Some may say this one has a stain of stipulation to it, and this is my response to them:

You say 10.4, I say 10.0. PERSONAL BEST BABY!!!

Seriously

Seriously, who designs a 10.4 km race anyway? Seriously? The 5kers got 5k, I deserve my 10k. I earned that 10k.

Last Saturday I ran the Vancouver Hot Chocolate 10.4 km run at Stanley Park, and wow, what a difference a year can make. When I ran the inaugural run last year it was a miserably cold day; I blew myself out in the beginning of the run; I expended far too much energy early on weaving around other runners; and at about 7 km in I was experiencing that ugly feeling of nausea and was listening to that nasty little chorus of “You might as well quit!” singing Van Halen style in my head.
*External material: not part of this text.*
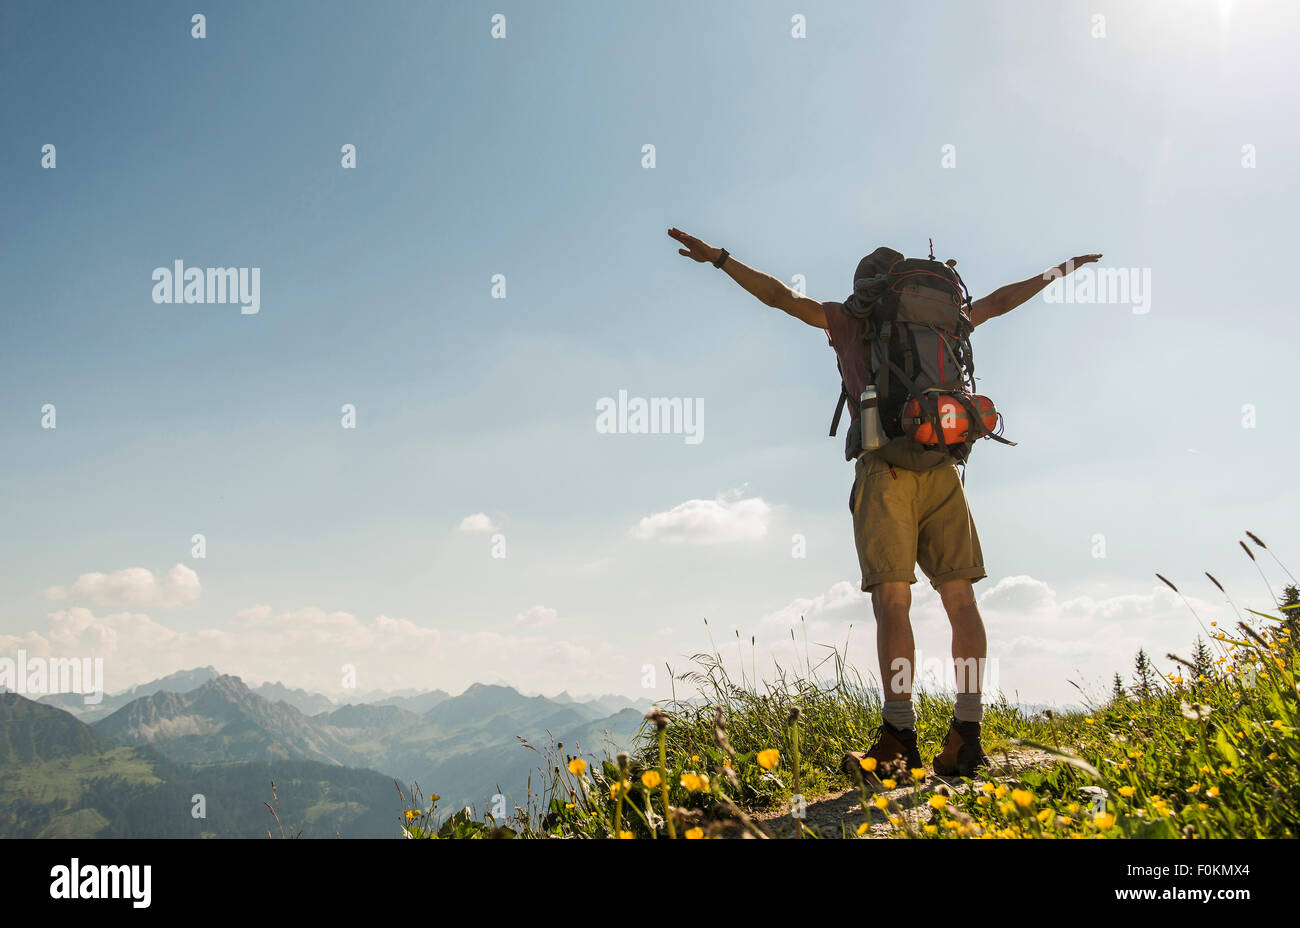 Autriche, Tyrol, Tannheimer Tal, jeune homme debout sur la piste de montagne with arms outstretched Banque D'Images
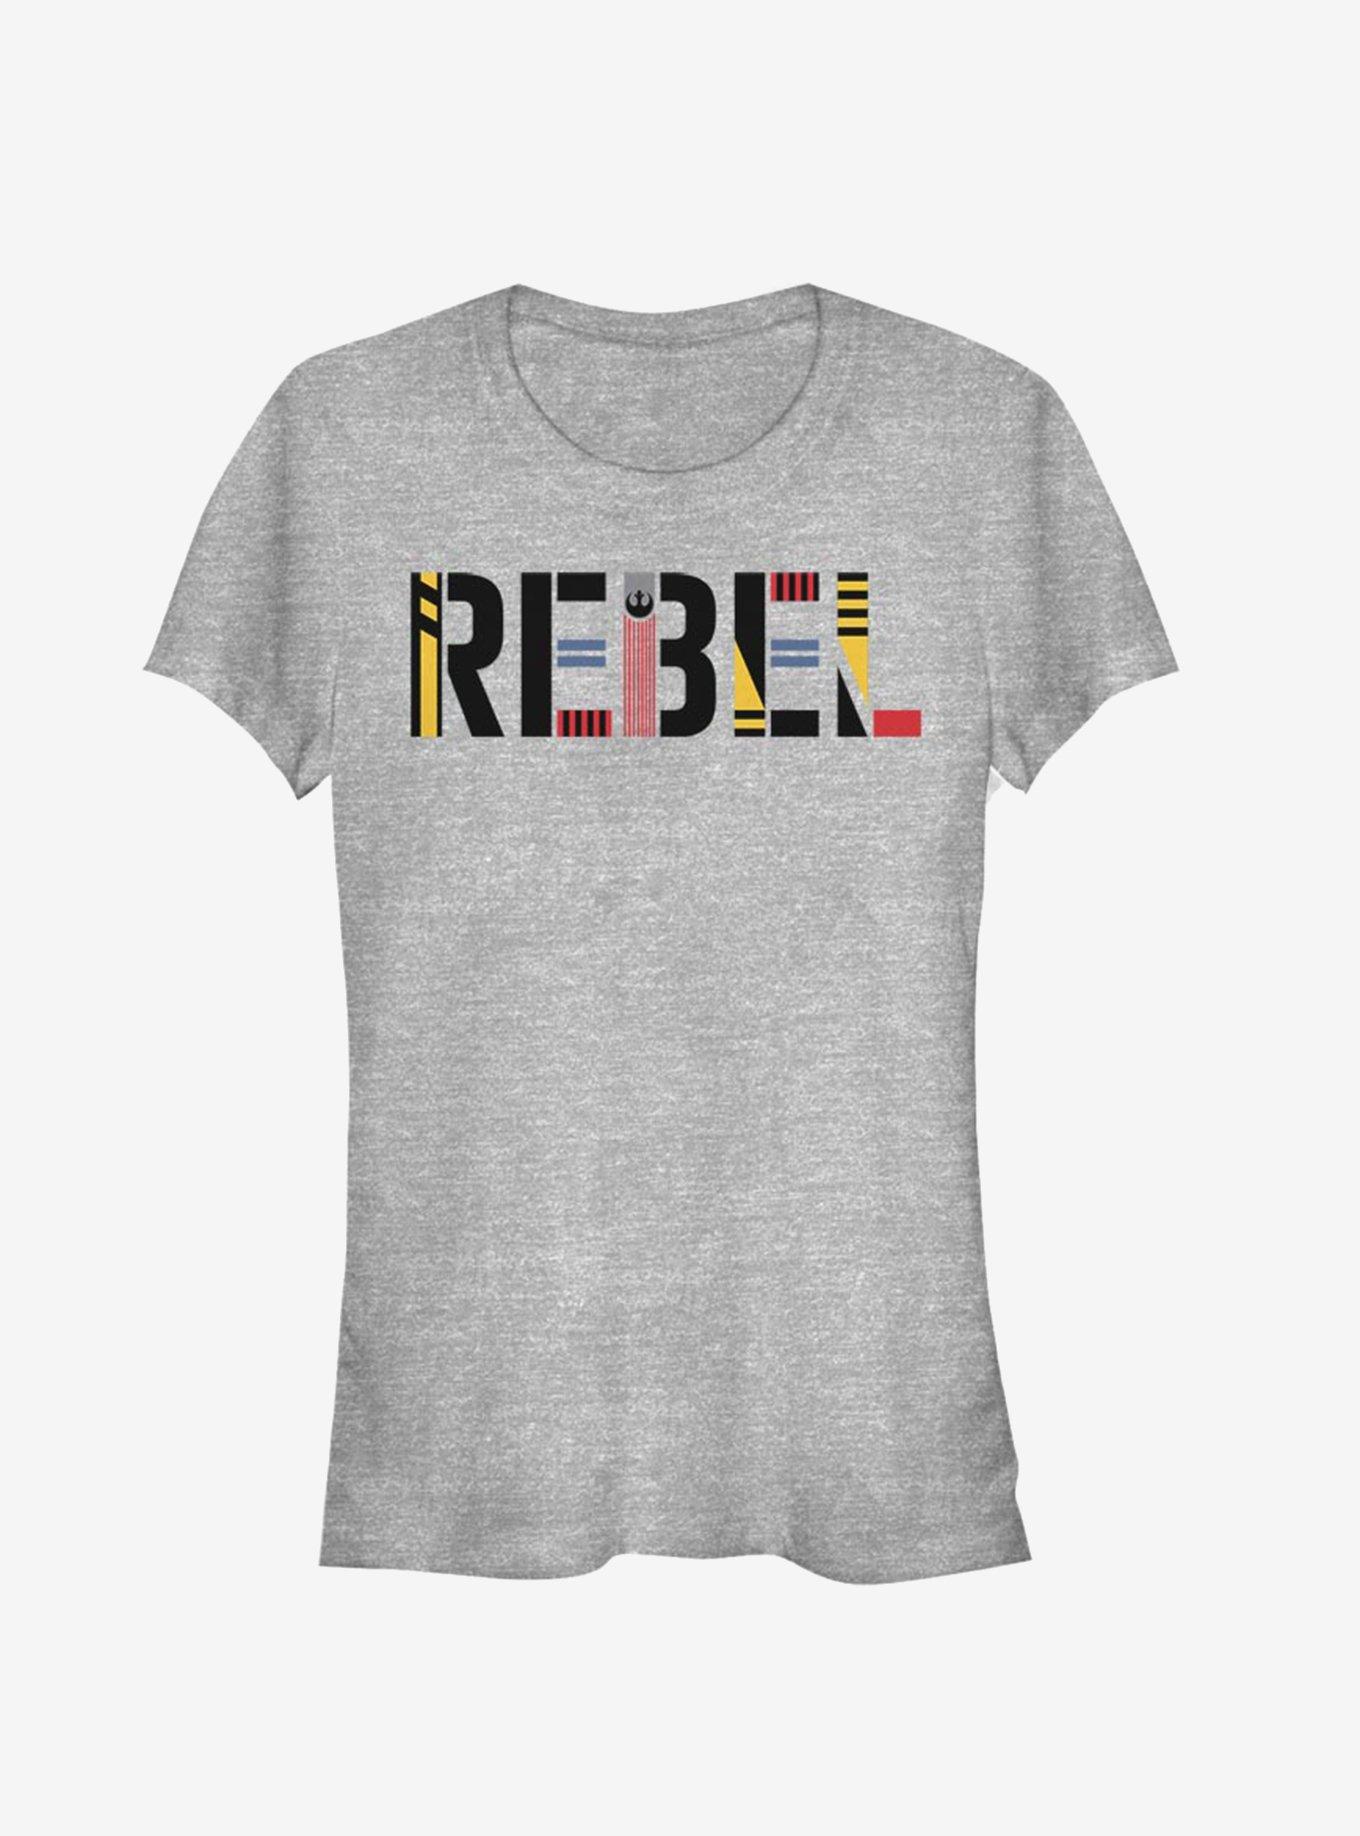 Star Wars Episode IX The Rise Of Skywalker Rebel Simple Girls T-Shirt, ATH HTR, hi-res

But this year was different. I wasn’t planning on racing. Sure, I was intending to put a solid effort in, but racing was not top of mind. In fact, I was really only planning to run hard for 10 km; the last 400 metres was meant for something someone special.

And maybe, just maybe, it was that that enabled me the incredible run I had.

Still, at the start line I situated myself closer to the front than last year; I did not want to waste needless energy weaving. I made sure to get a good, solid dynamic warmup in before the go. And when we were unleashed, I made an effort to hold back on my pace. I may not have been intending to race, but really, can you take the race out of this girl???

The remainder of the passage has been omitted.